Erbium-doped fiber amplifiers revolutionized long-haul optical communications and laser technology. Erbium ions could provide a basis for efficient optical amplification in photonic integrated circuits but their use remains impractical as a result of insufficient output power. We demonstrate a photonic integrated circuit-based erbium amplifier reaching 145 milliwatts of output power and more than 30 decibels of small-signal gain-on par with commercial fiber amplifiers and surpassing state-of-the-art III-V heterogeneously integrated semiconductor amplifiers.
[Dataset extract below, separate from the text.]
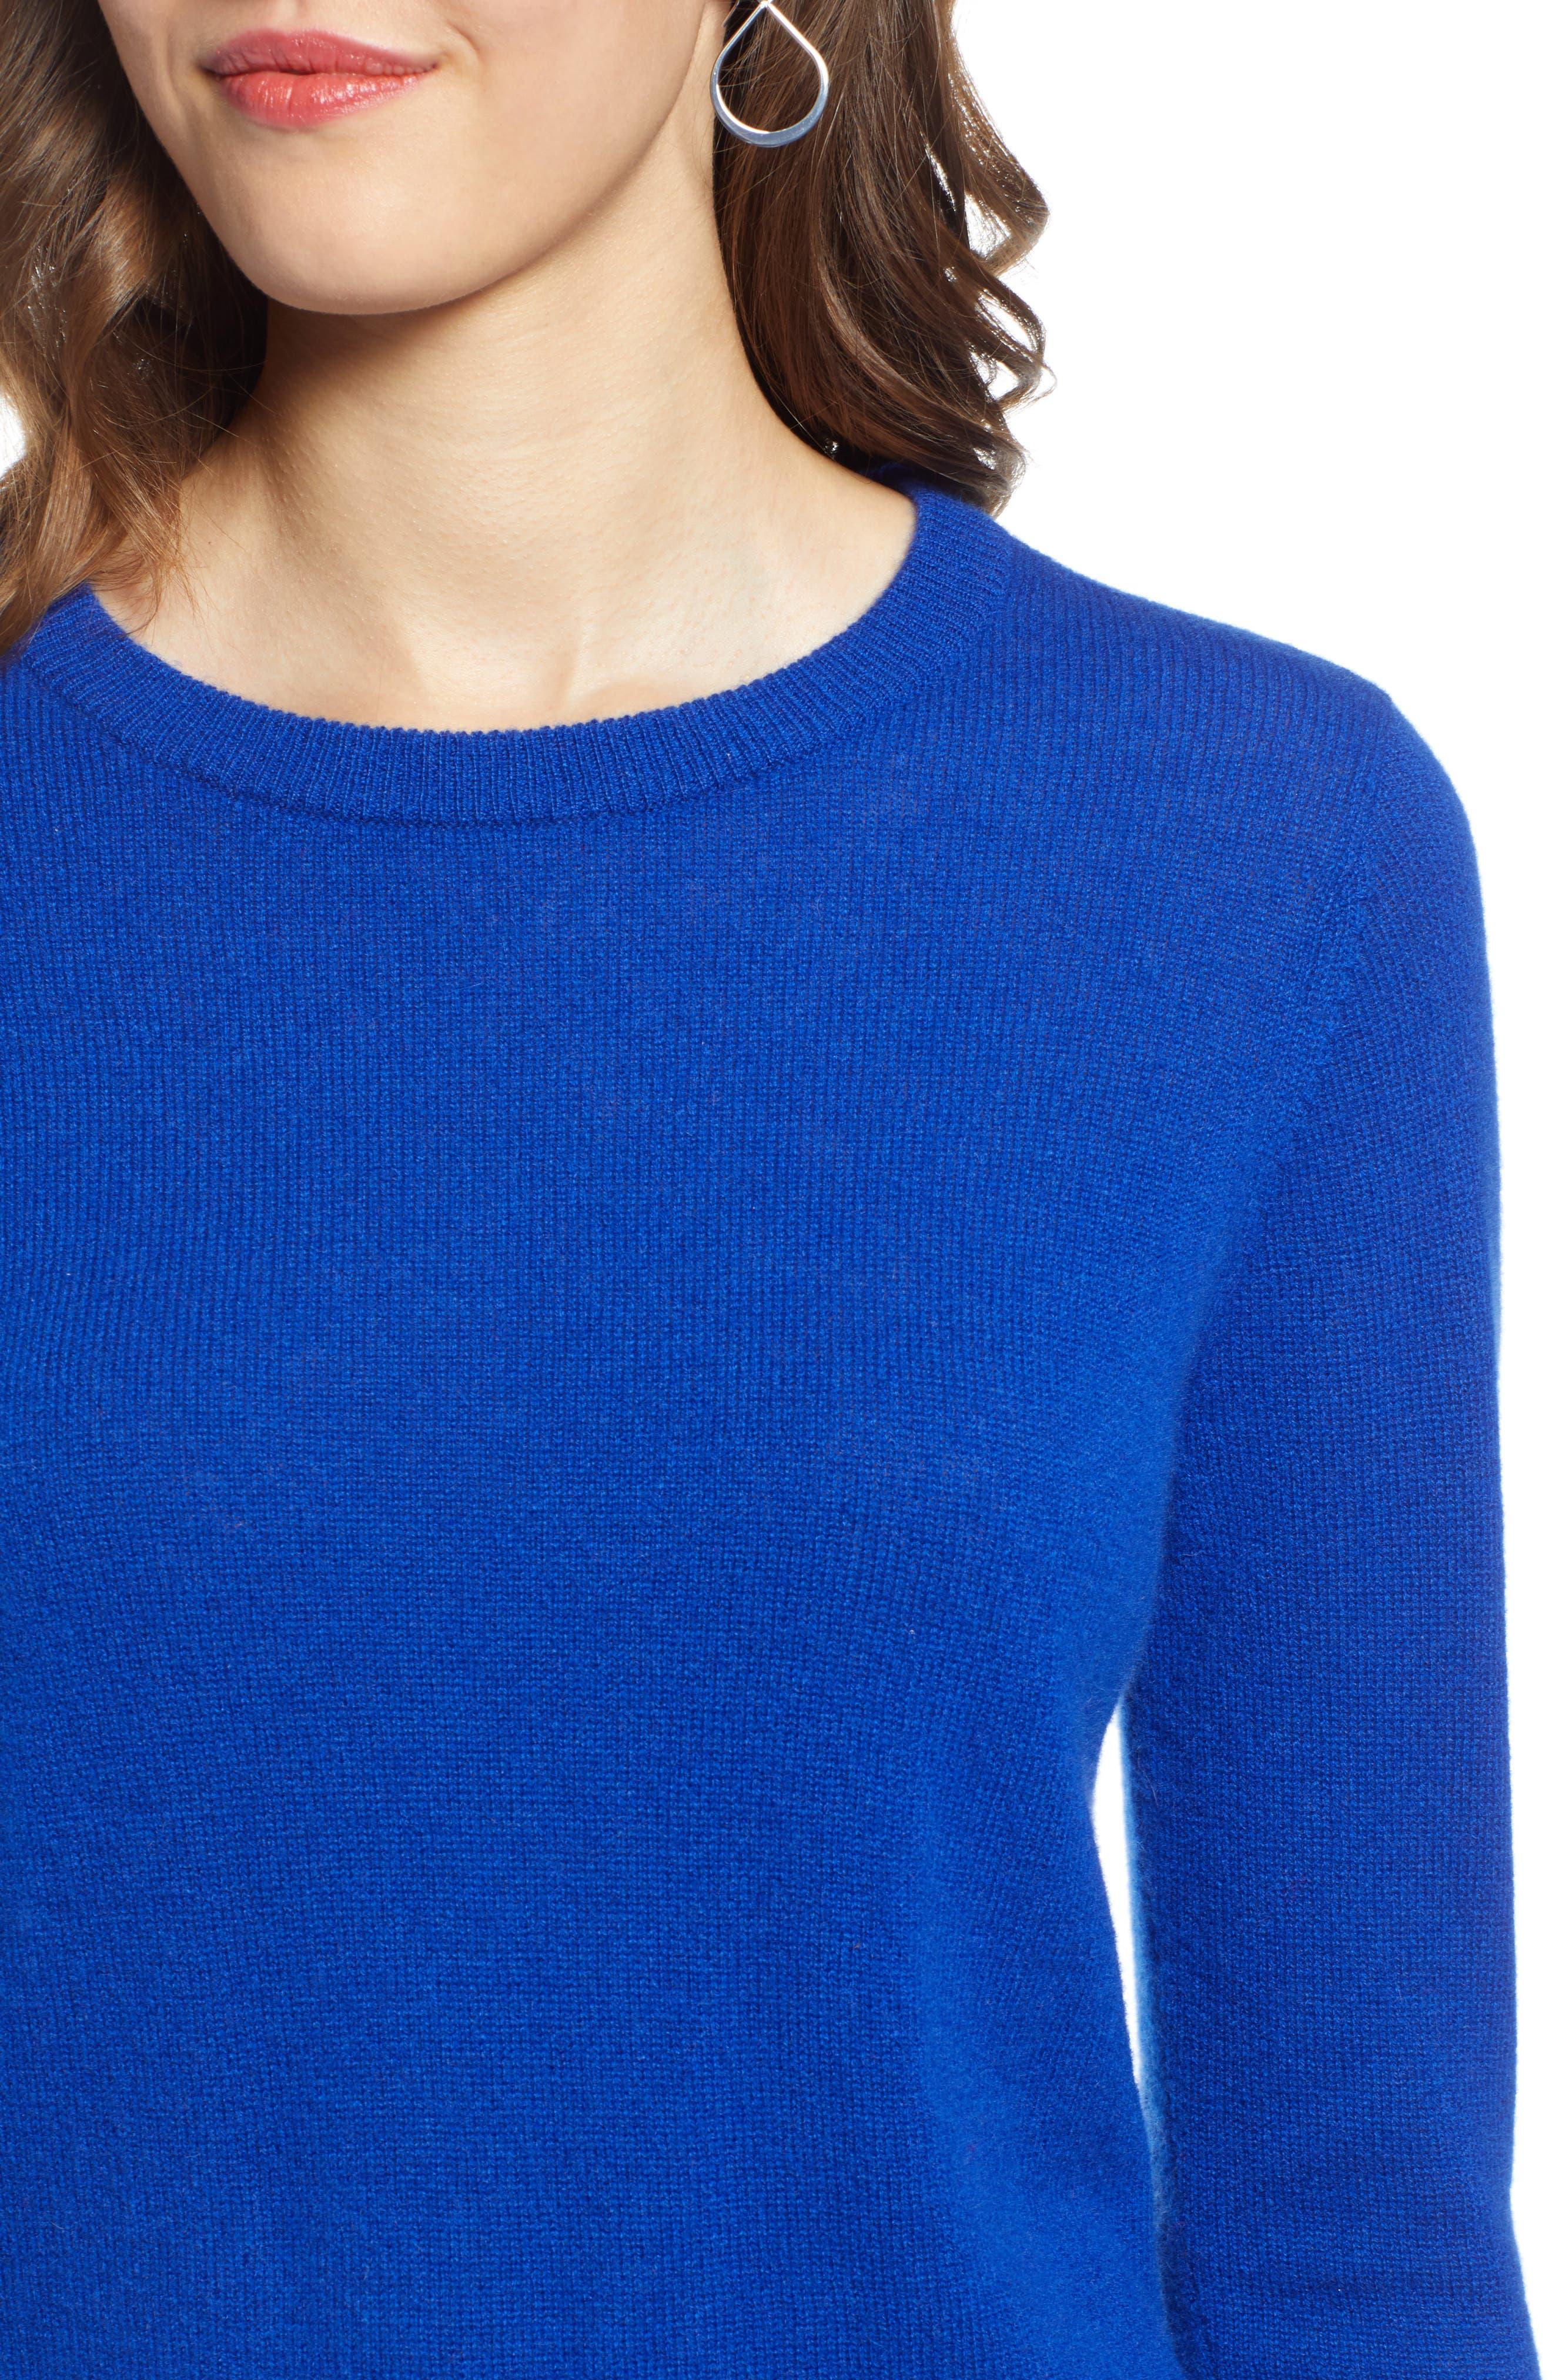 Crewneck Cashmere Sweater,                             Alternate thumbnail 4, color,                             BLUE MAZARINE

We apply ion implantation to ultralow-loss silicon nitride (Si3N4) photonic integrated circuits, which are able to increase the soliton microcomb output power by 100 times, achieving power requirements for low-noise photonic microwave generation and wavelength-division multiplexing optical communications. Endowing Si3N4 photonic integrated circuits with gain enables the miniaturization of various fiber-based devices such as high-pulse-energy femtosecond mode-locked lasers.